In relation to regulation 4(2)(e)(ii) the court held that the duty to disclose any interest in recommending a particular insurance contract includes indirect financial incentives such as panel membership that gives a solicitor a commercial interest in recommending a particular insurer; mere statement of panel membership did not suffice where the panel membership effectively obliged or strongly incentivised the firm to recommend the insurer.
Case abstract
Procedural background and nature of the appeals.

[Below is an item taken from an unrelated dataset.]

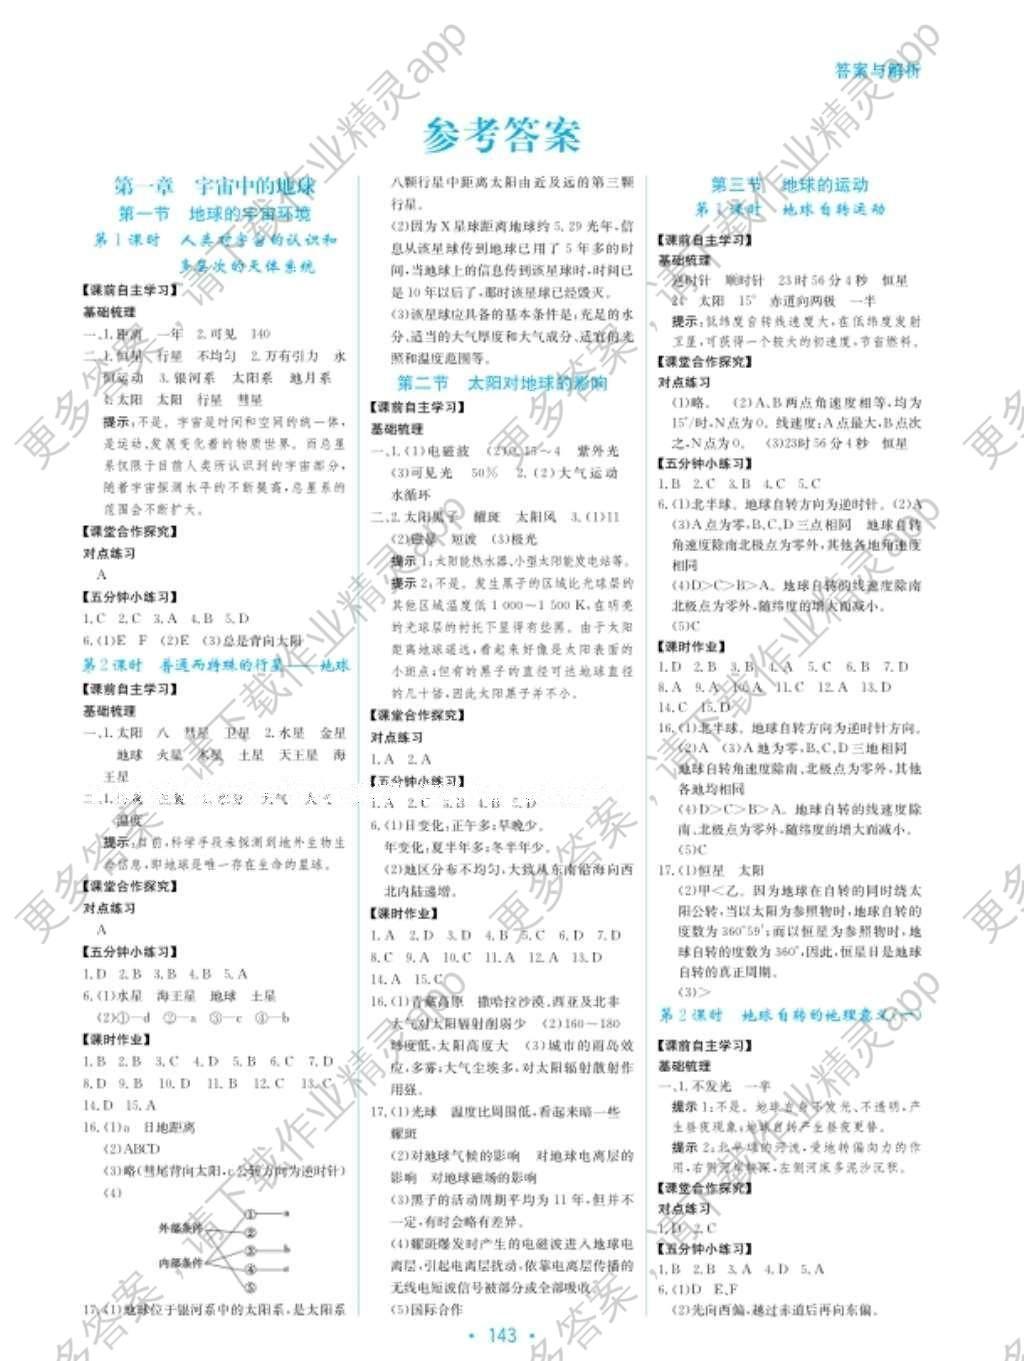 学法大视野重点地理v重点1湘教版答案考高中高中图片
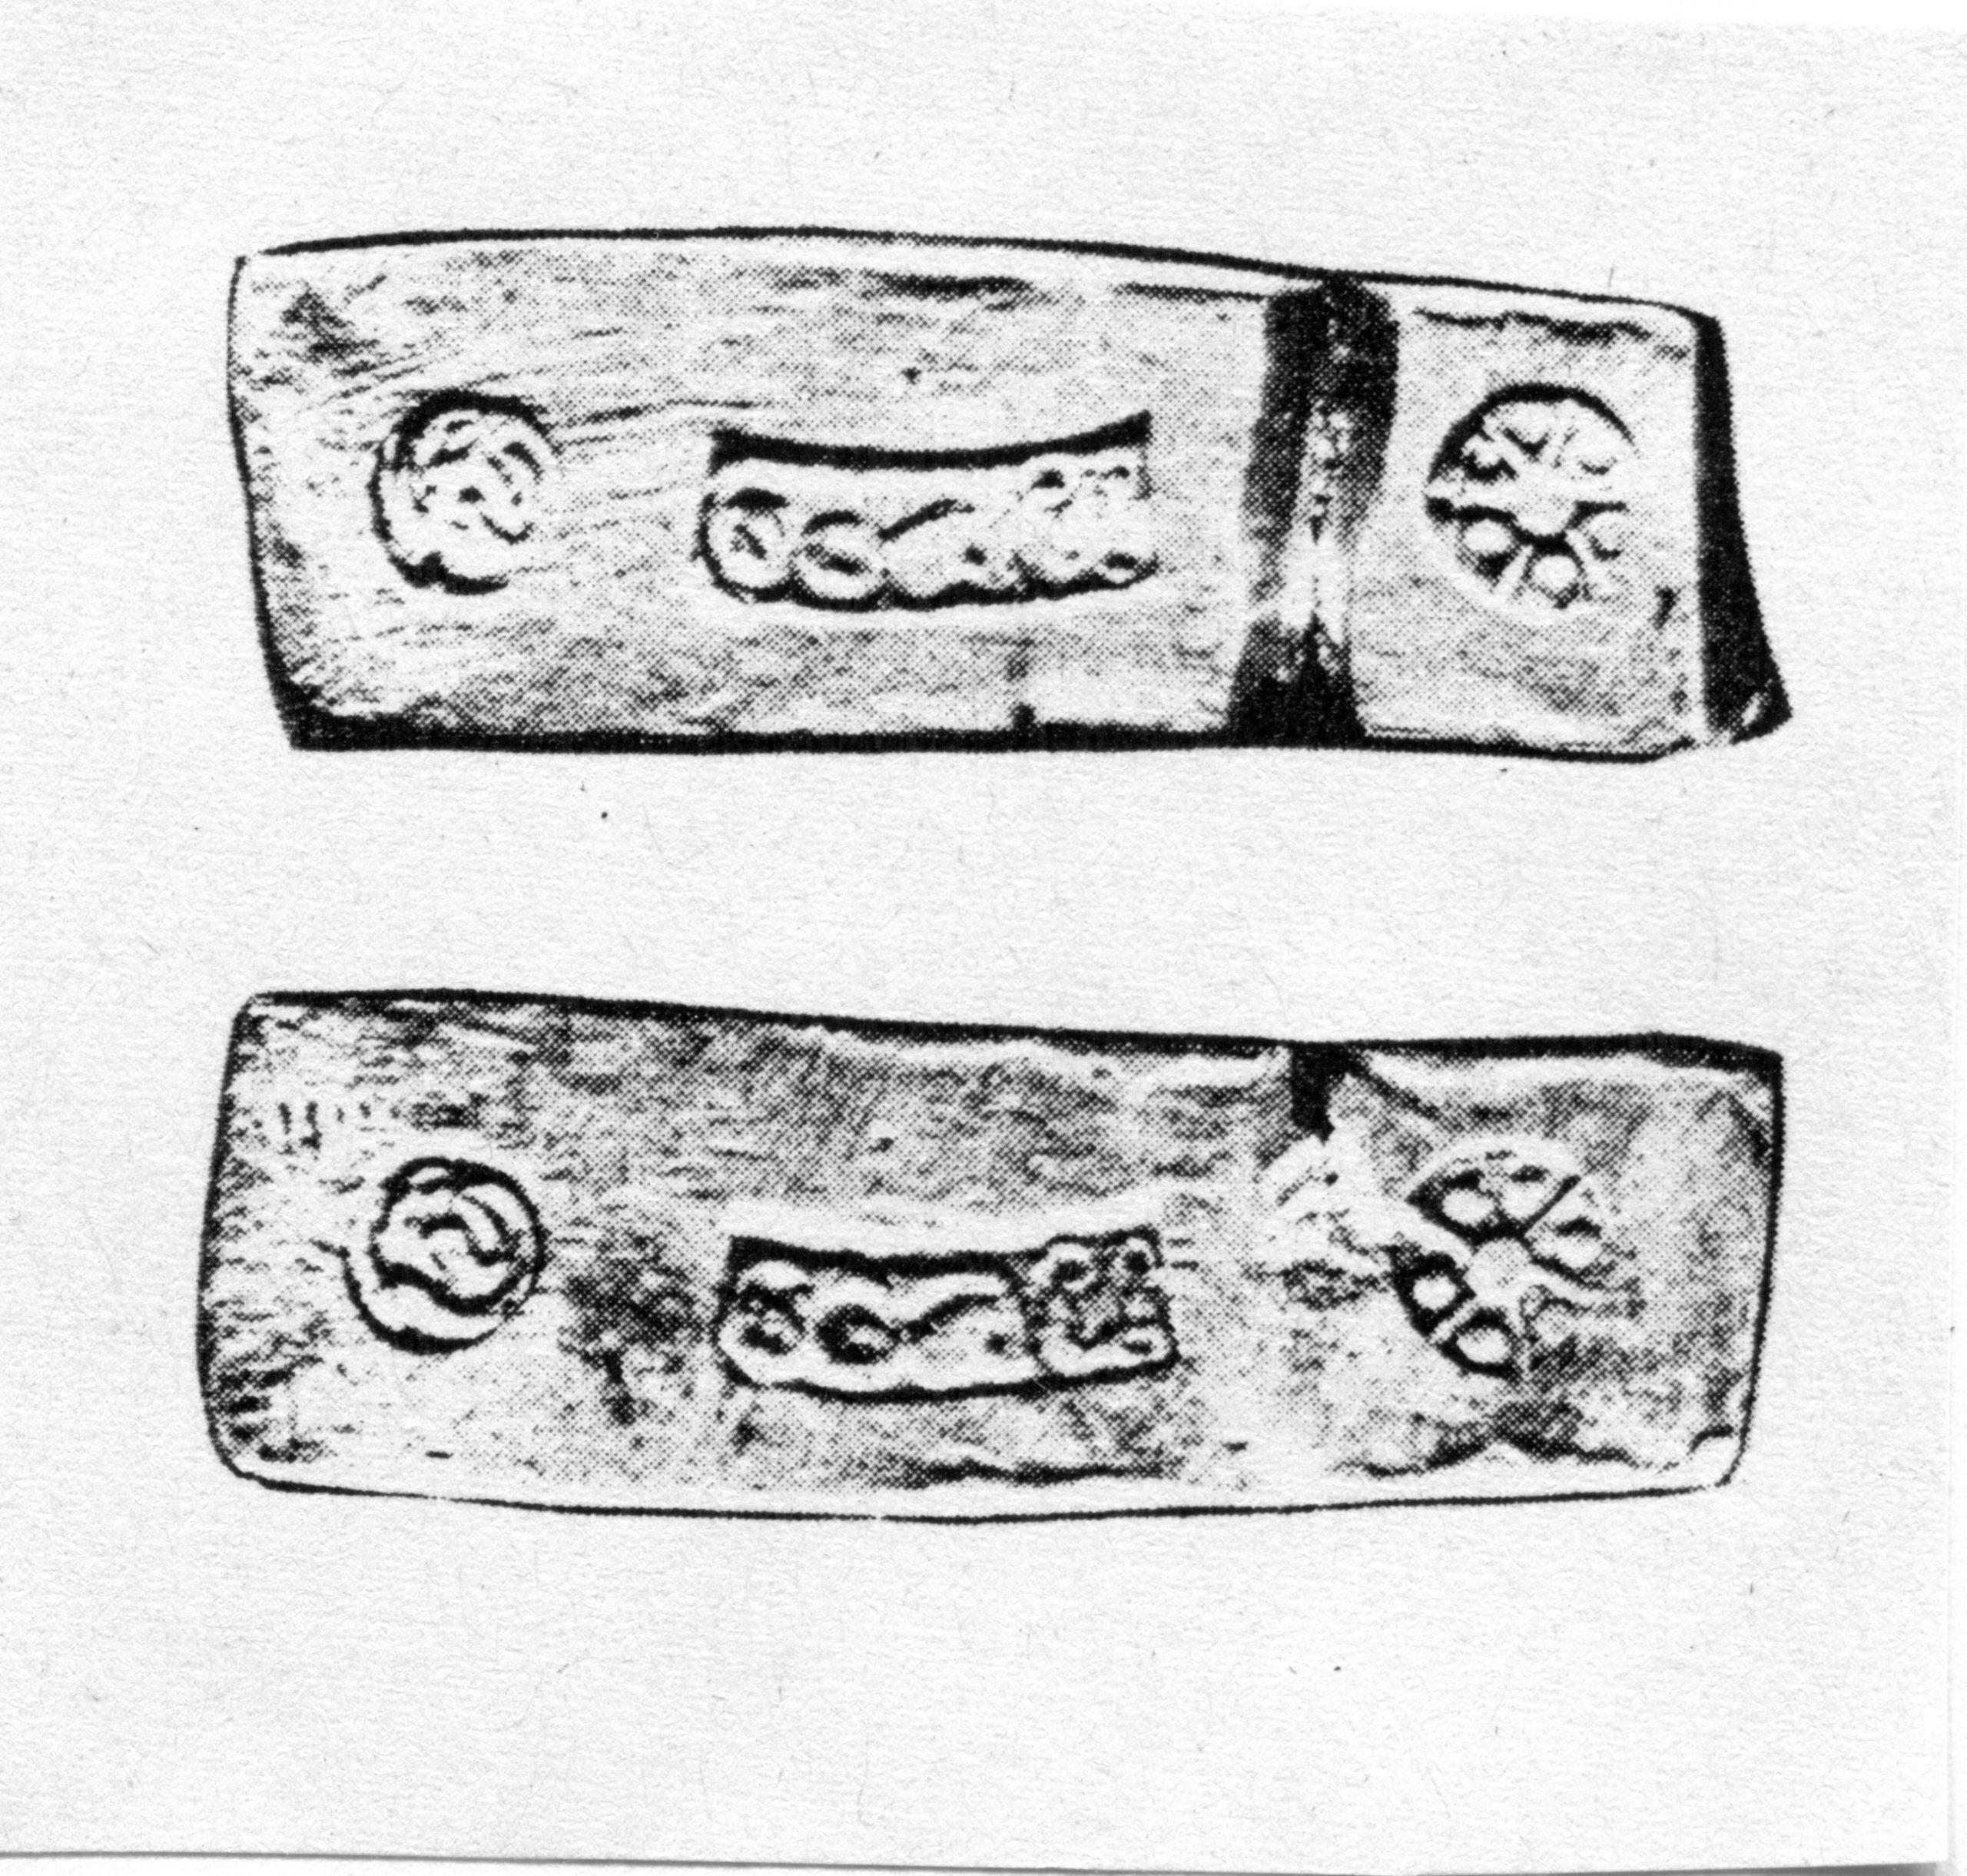 PGS 41,2 (2020) Tafel 29 Abb. 5: Gehämmerter Saen Silberbarren. 3 baht, 45,9 g. (Aus Mitchiner 1979:354).

The Court of Appeal heard linked appeals arising from costs assessments. The appeals reached the court from decisions of Master Wright (Supreme Court Costs Office) and Deputy District Judge Storry (Liverpool County Court / costs assessment). The appeals concerned whether particular CFAs entered into before the revocation of the Regulations were enforceable because of alleged breaches of the Conditional Fee Agreements Regulations 2000.
Parties and claims.
- Myatt appeals: four claimants (ex-miners) who had settled low-value industrial disease claims and whose solicitors (Ollerenshaw) were found by Master Wright to have breached regulation 4(2)(c) by failing to inform clients whether their risk of costs was insured under BTE. If the CFA were unenforceable the associated ATE premiums were also not recoverable.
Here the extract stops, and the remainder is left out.